# Data block
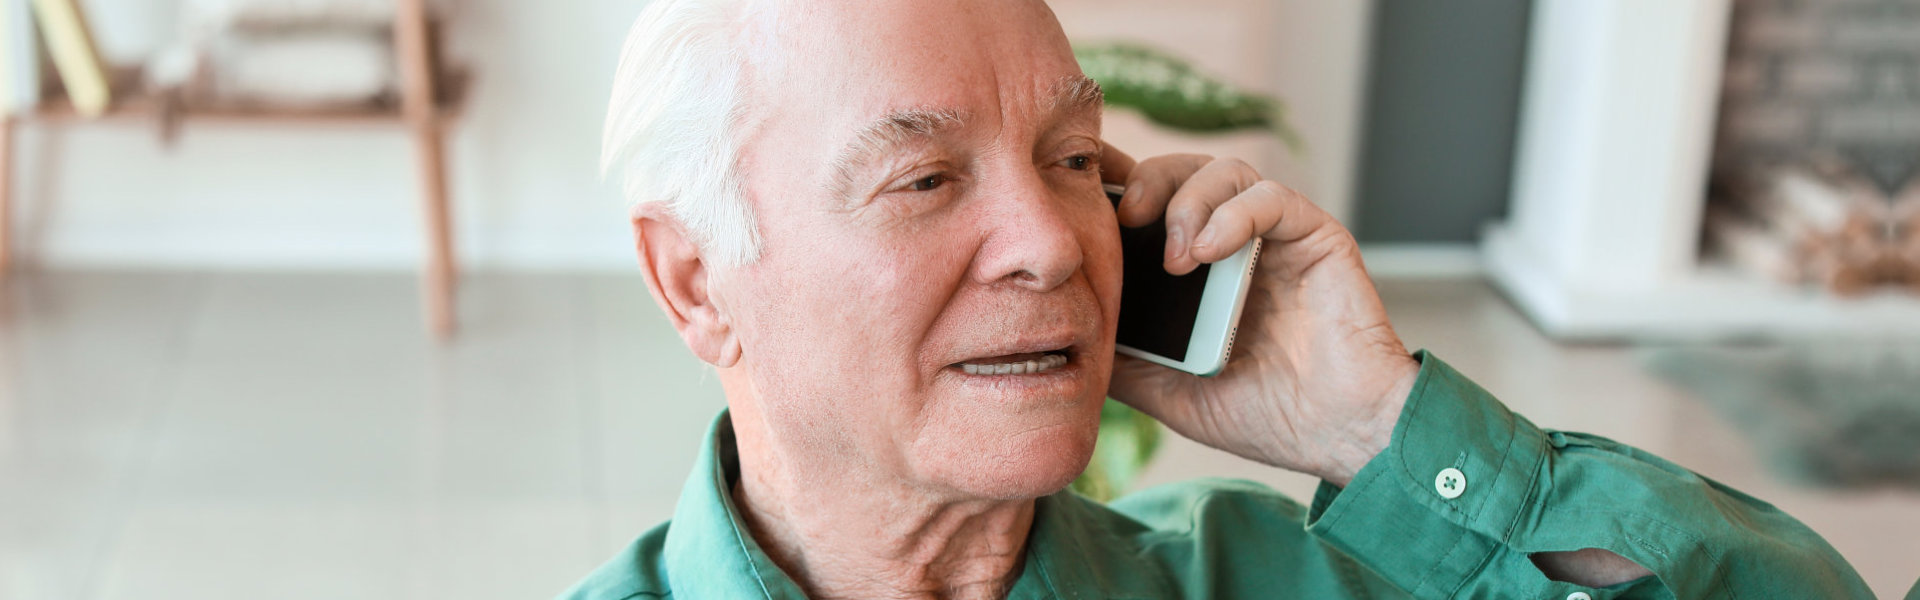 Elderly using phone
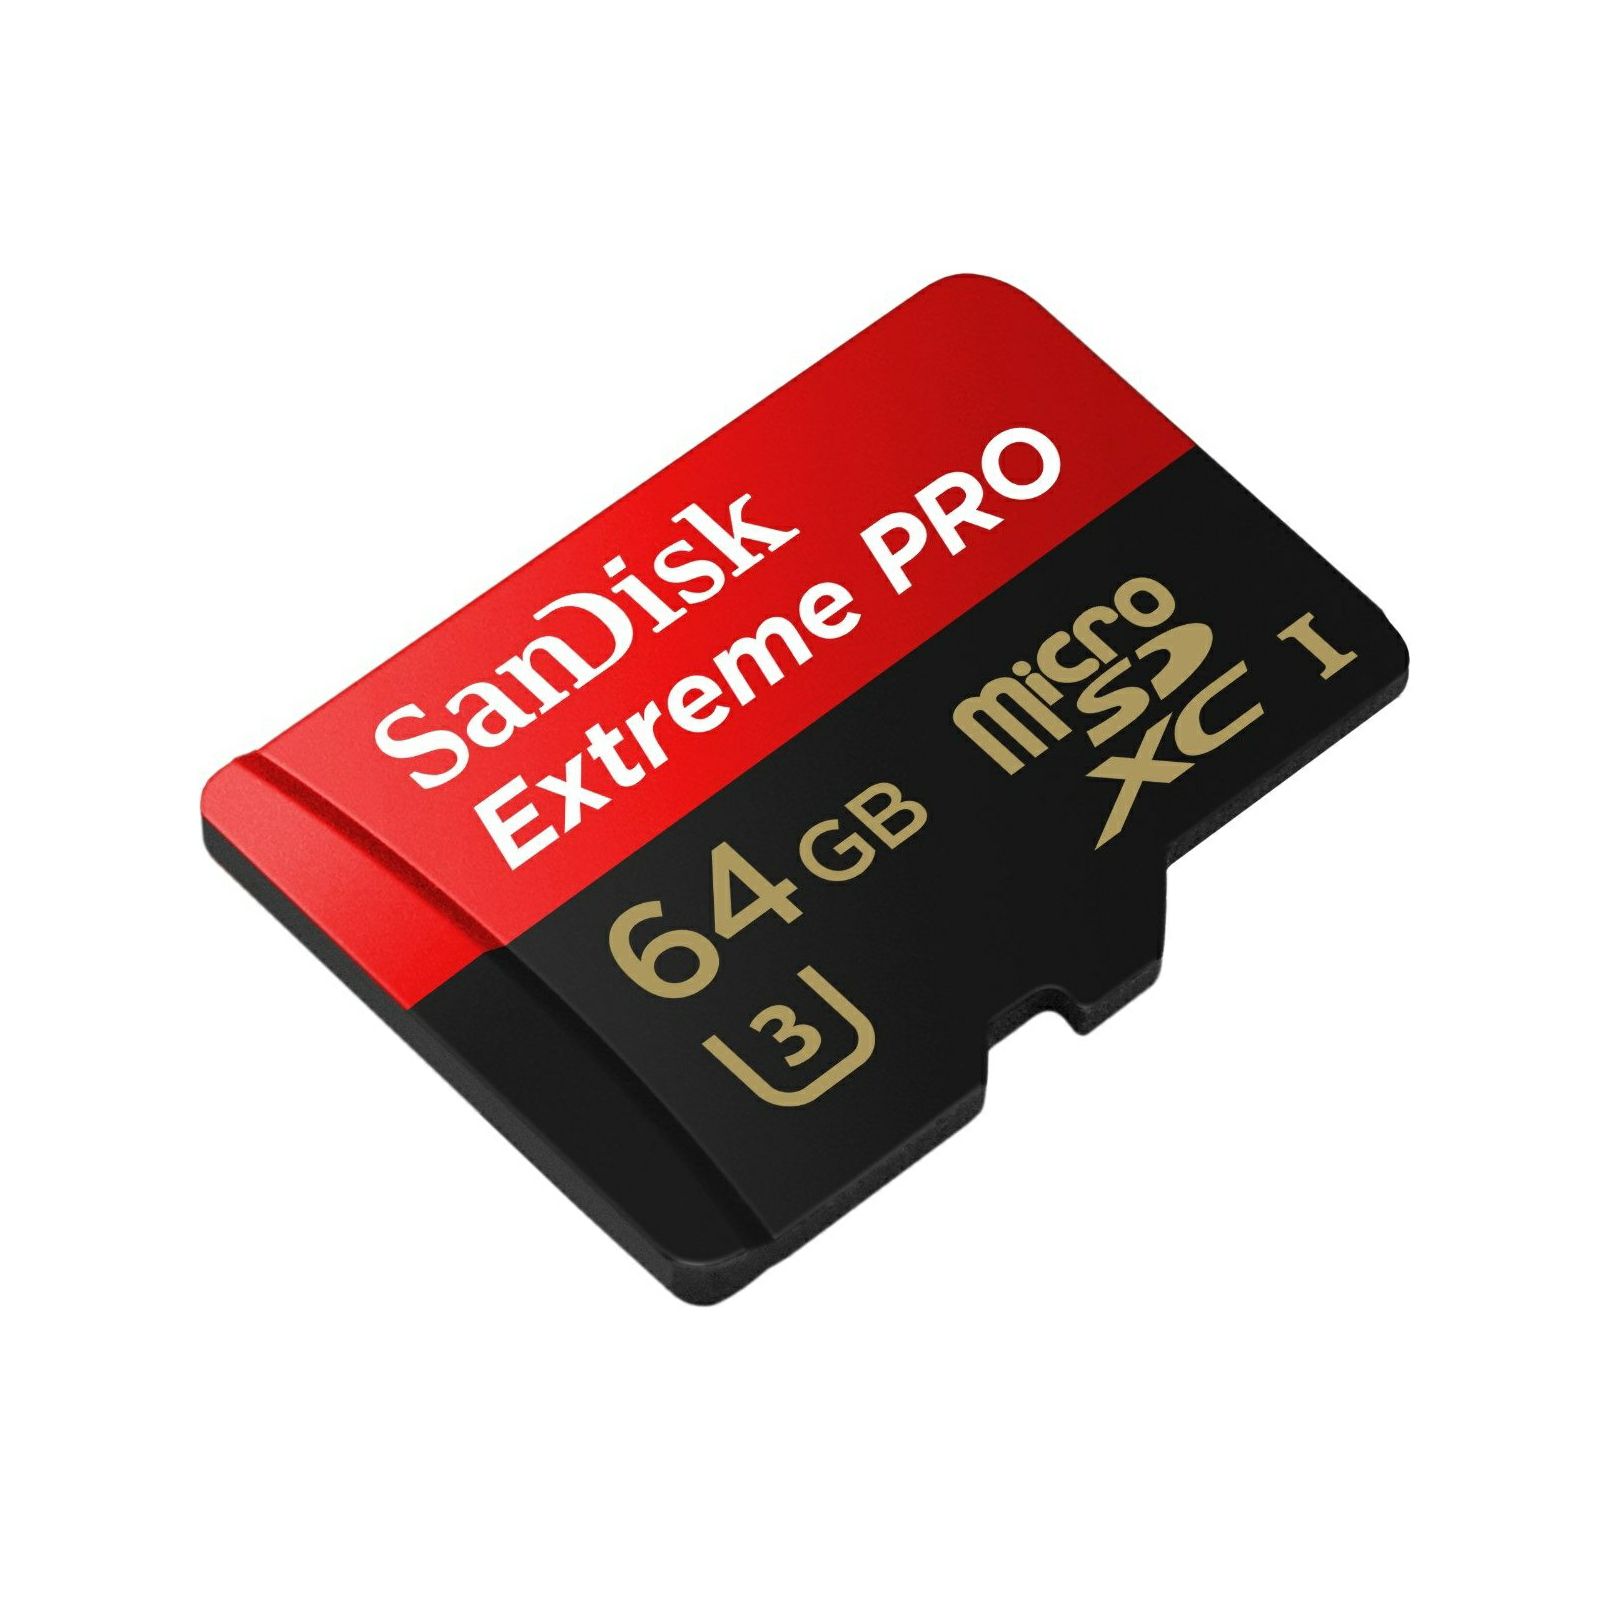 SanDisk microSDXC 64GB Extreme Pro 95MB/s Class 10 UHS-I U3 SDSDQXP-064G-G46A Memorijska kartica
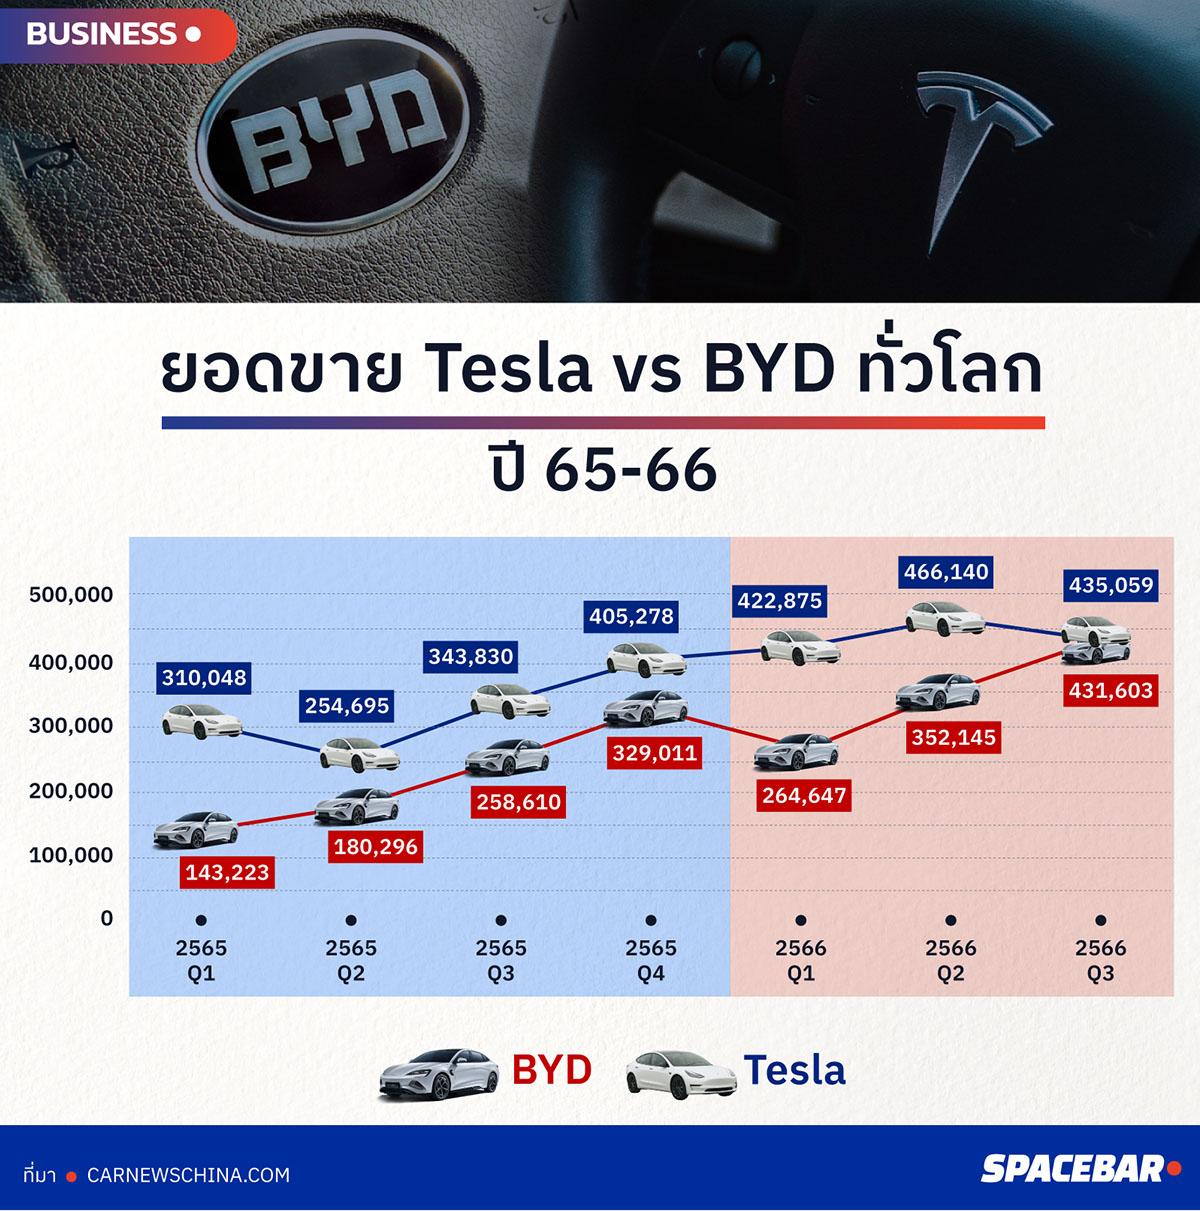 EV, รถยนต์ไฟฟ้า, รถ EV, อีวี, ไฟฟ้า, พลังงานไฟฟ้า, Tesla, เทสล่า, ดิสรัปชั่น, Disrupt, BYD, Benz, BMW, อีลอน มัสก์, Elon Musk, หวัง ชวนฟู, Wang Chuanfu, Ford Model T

# Work to complete
Could you repeat all of the material exactly? Pictures should not be copied.

# Exercise response
 Elderly using phone
 SanDisk microSDXC 64GB Extreme Pro 95MB/s Class 10 UHS-I U3 SDSDQXP-064G-G46A Memorijska kartica
 EV, รถยนต์ไฟฟ้า, รถ EV, อีวี, ไฟฟ้า, พลังงานไฟฟ้า, Tesla, เทสล่า, ดิสรัปชั่น, Disrupt, BYD, Benz, BMW, อีลอน มัสก์, Elon Musk, หวัง ชวนฟู, Wang Chuanfu, Ford Model T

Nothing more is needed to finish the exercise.